Seven Pillars of Wisdom – Day 91 of 240

We sat in Jefer meanwhile, waiting to hear the fortune of the attack. On its success or failure would depend the direction of our next march. The halt was not unpleasant, for our position had its comic side. We were within sight of Maan, during those minutes of the day in which the mirage did not make eyes and glasses useless; and yet we strolled about admiring our new well-lip in complete security, because the Turkish garrison believed water impossible here or at Bair, and were hugging the pleasant idea that we were now desperately engaged with their cavalry in Sirhan.

I hid under some bushes near the well for hours, against the heat, very lazy, pretending to be asleep, the wide silk sleeve of my pillow-arm drawn over my face as veil against the flies. Auda sat up and talked like a river, telling his best stories in great form. At last I reproved him with a smile, for talking too much and doing too little. He sucked his lips with pleasure of the work to come.

In the following dawn a tired horseman rode into our camp with news that the Dhumaniyeh had fired on the Fuweilah post the afternoon before as soon as our men had reached them. The surprise had not been quite complete; the Turks manned their dry stone breastworks and drove them off. The crestfallen Arabs drew back into cover, and the enemy believing it only an ordinary tribal affray, had made a mounted sortie upon the nearest encampment.

One old man, six women and seven children were its only occupants. In their anger at finding nothing actively hostile or able-bodied, the troopers smashed up the camp and cut the throats of its helpless ones. The Dhumaniyeh on the hill-tops heard and saw nothing till it was too late; but then, in their fury, they dashed down across the return road of the murderers and cut them off almost to the last man. To complete their vengeance they assaulted the now weakly-garrisoned fort, carried it in the first fierceness of their rush, and took no prisoners.

We were ready saddled; and within ten minutes had loaded and marched for Ghadir el Haj, the first railway station south of Maan, on our direct road for Aba el Lissan. Simultaneously, we detached a small party to cross the railway just above Maan and create a diversion on that side. Especially they were to threaten the great herds of sick camels, casualties of the Palestine front, which the Turks pastured in the Shobek plains till once more fit for service.

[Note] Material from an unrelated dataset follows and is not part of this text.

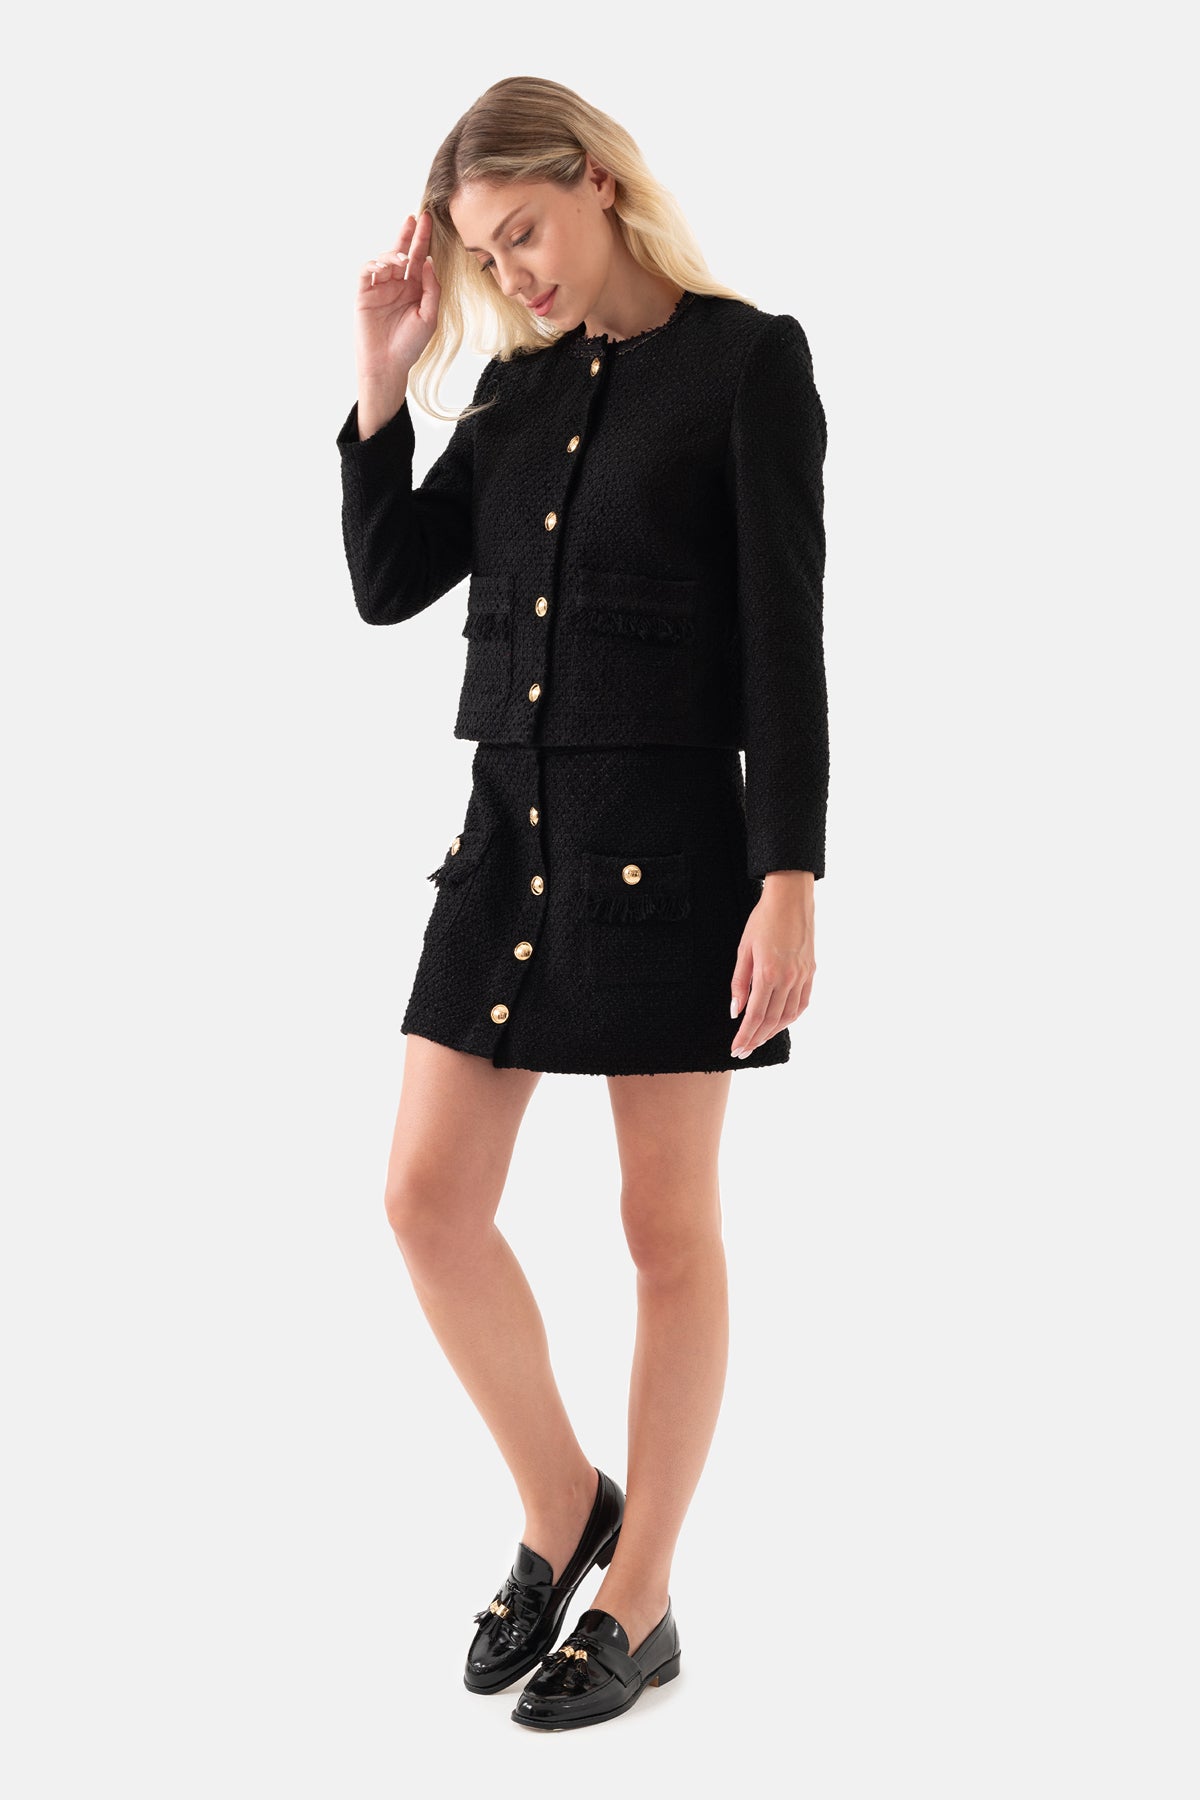 Black Tweed Short Women's Jacket With Pockets
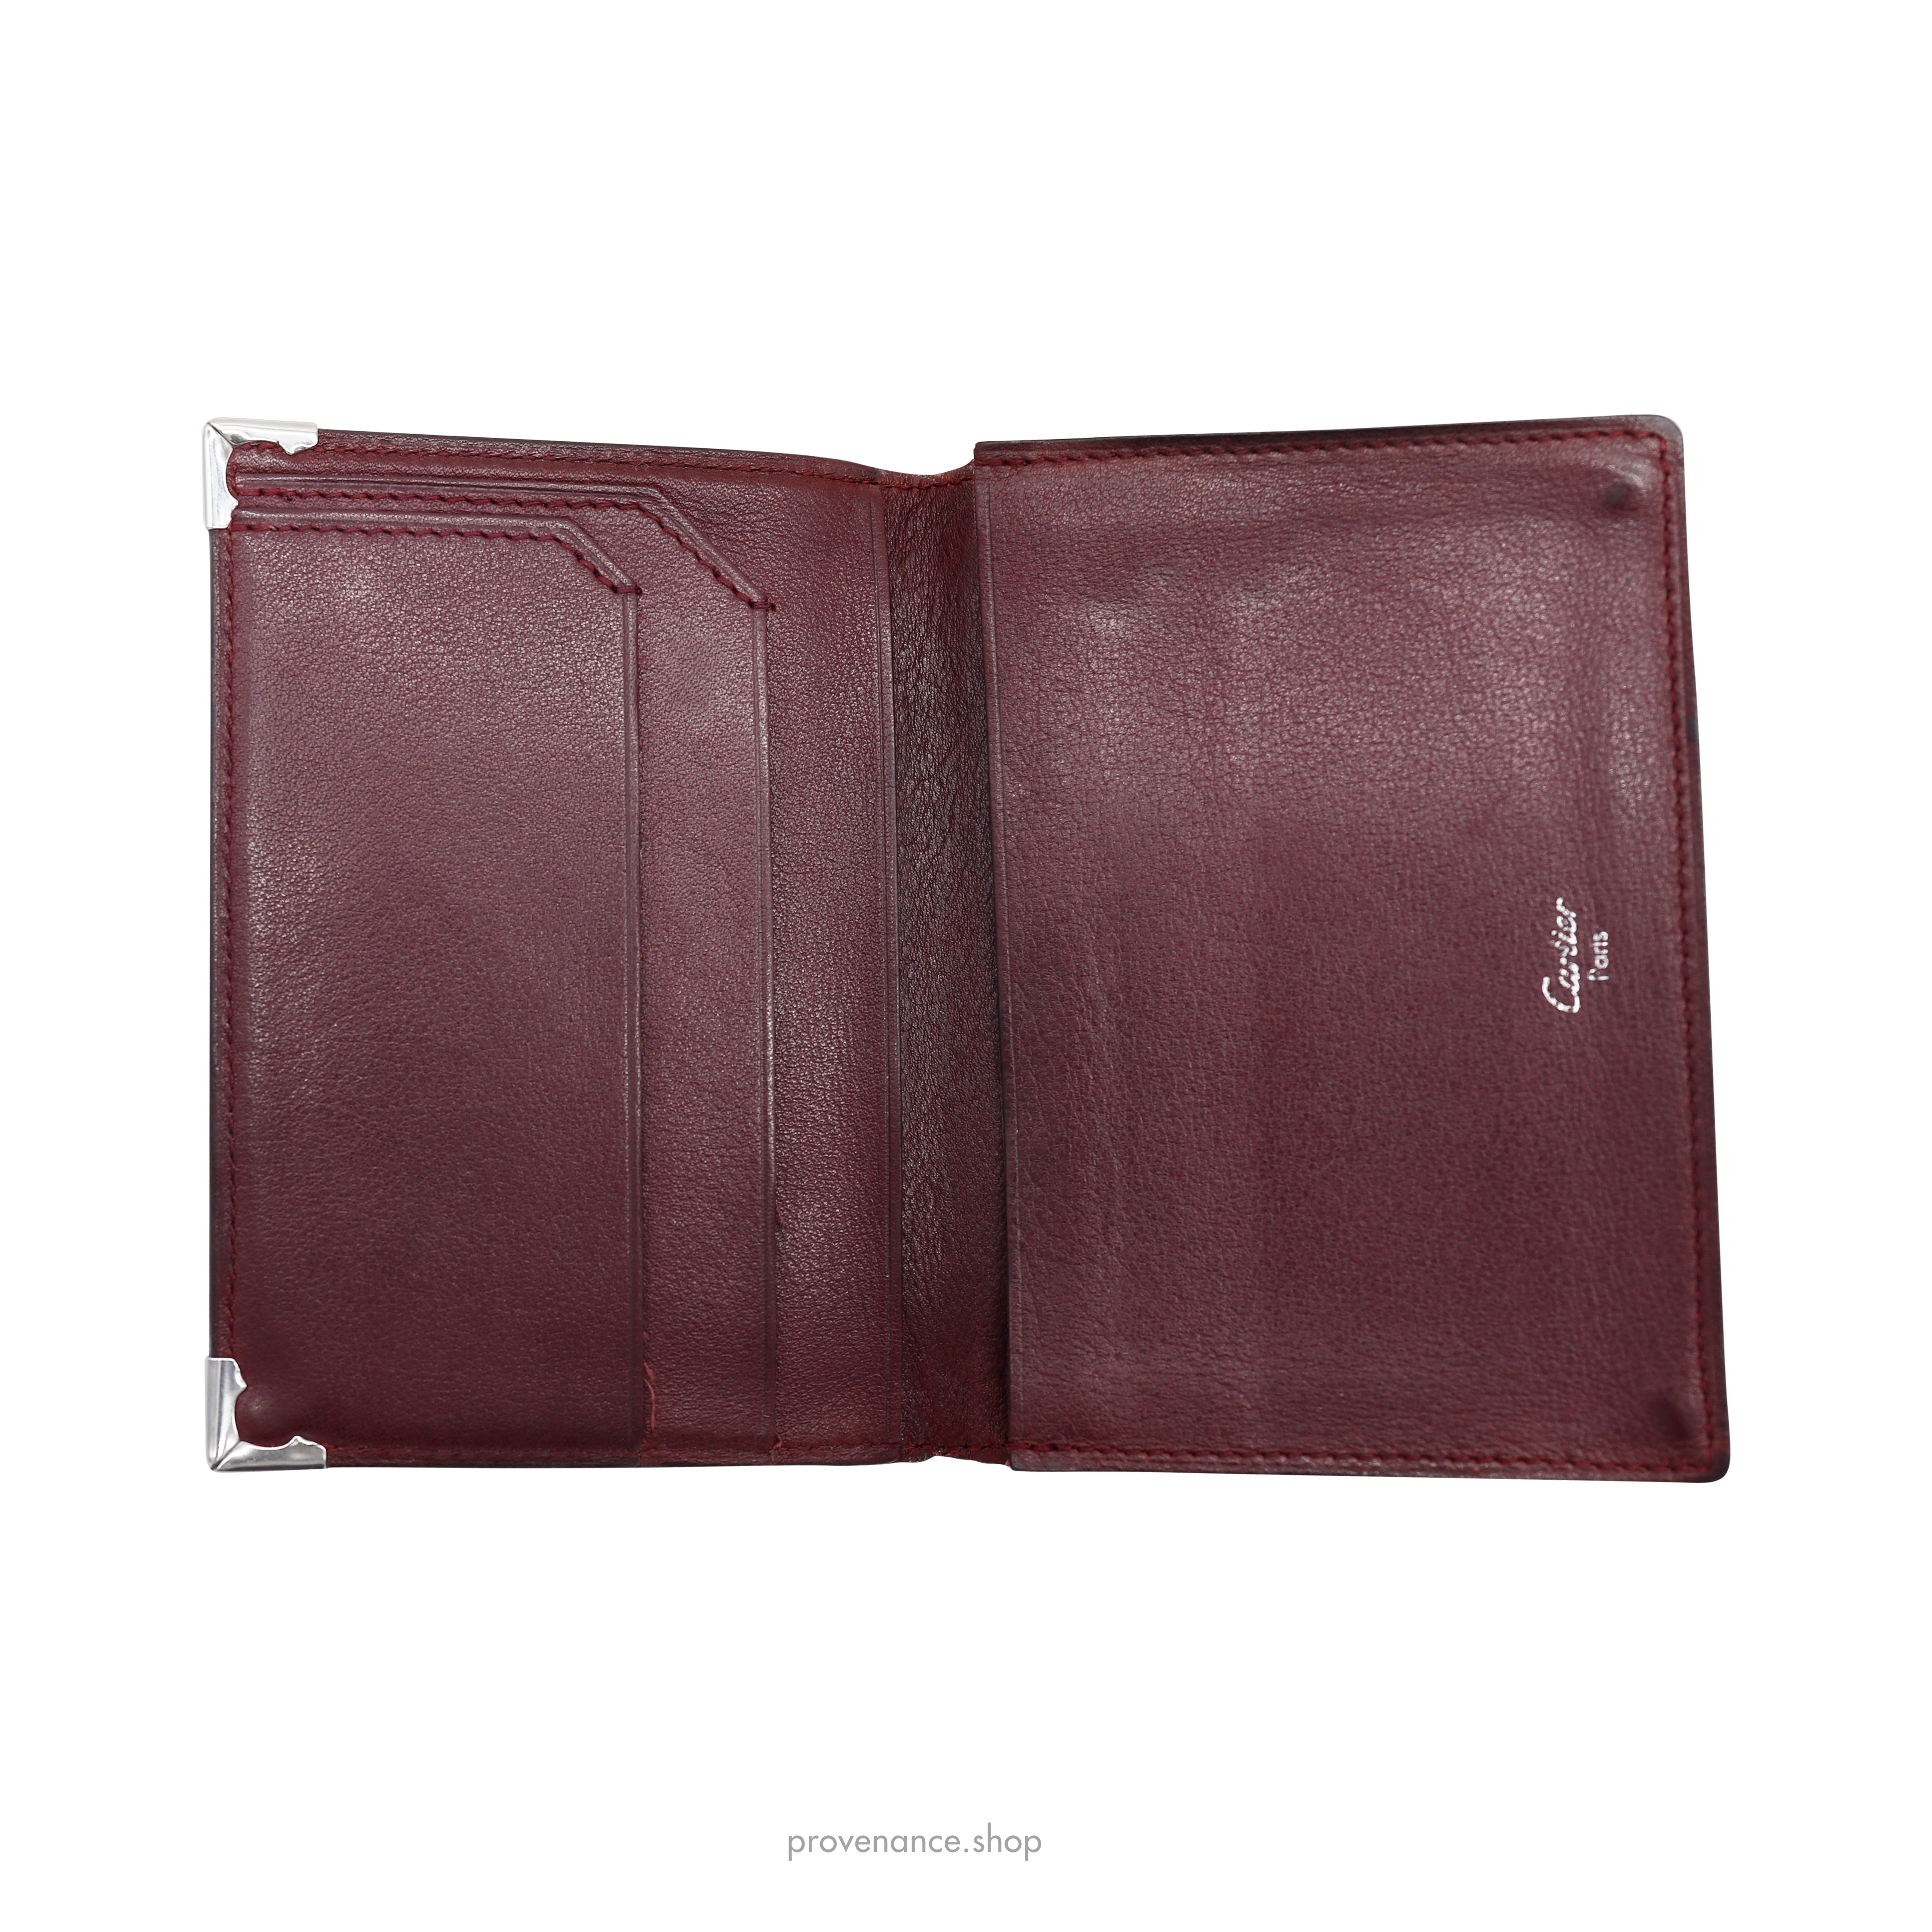 Pocket Organizer Wallet - Black & Burgundy Leather - 7

We calculated that the news of their Fuweilah disaster would not have reached Maan till the morning, and that they could not drive in these camels (supposing our northern party missed them) and fit out a relief expedition, before nightfall; and if we were then attacking the line at Ghadir el Haj, they would probably divert the relief thither, and so let us move on Akaba unmolested.

With this hope we rode steadily through the flowing mirage till afternoon, when we descended on the line; and, having delivered a long stretch of it from guards and patrols, began on the many bridges of the captured section. The little garrison of Ghadir el Haj sallied out with the valour of ignorance against us, but the heat-haze blinded them, and we drove them off with loss.

They were on the telegraph, and would notify Maan, which beside, could not fail to hear the repeated thuds of our explosion. It was our aim to bring the enemy down upon us in the night; or rather down here, where they would find no people but many broken bridges, for we worked fast and did great damage. The drainage holes in the spandrils held from three to five pounds of gelatine each. We, firing our mines by short fuses, brought down the arch, shattered the pier, and stripped the side walls, in no more than six minutes’ work. So we ruined ten bridges and many rails, and finished our explosive.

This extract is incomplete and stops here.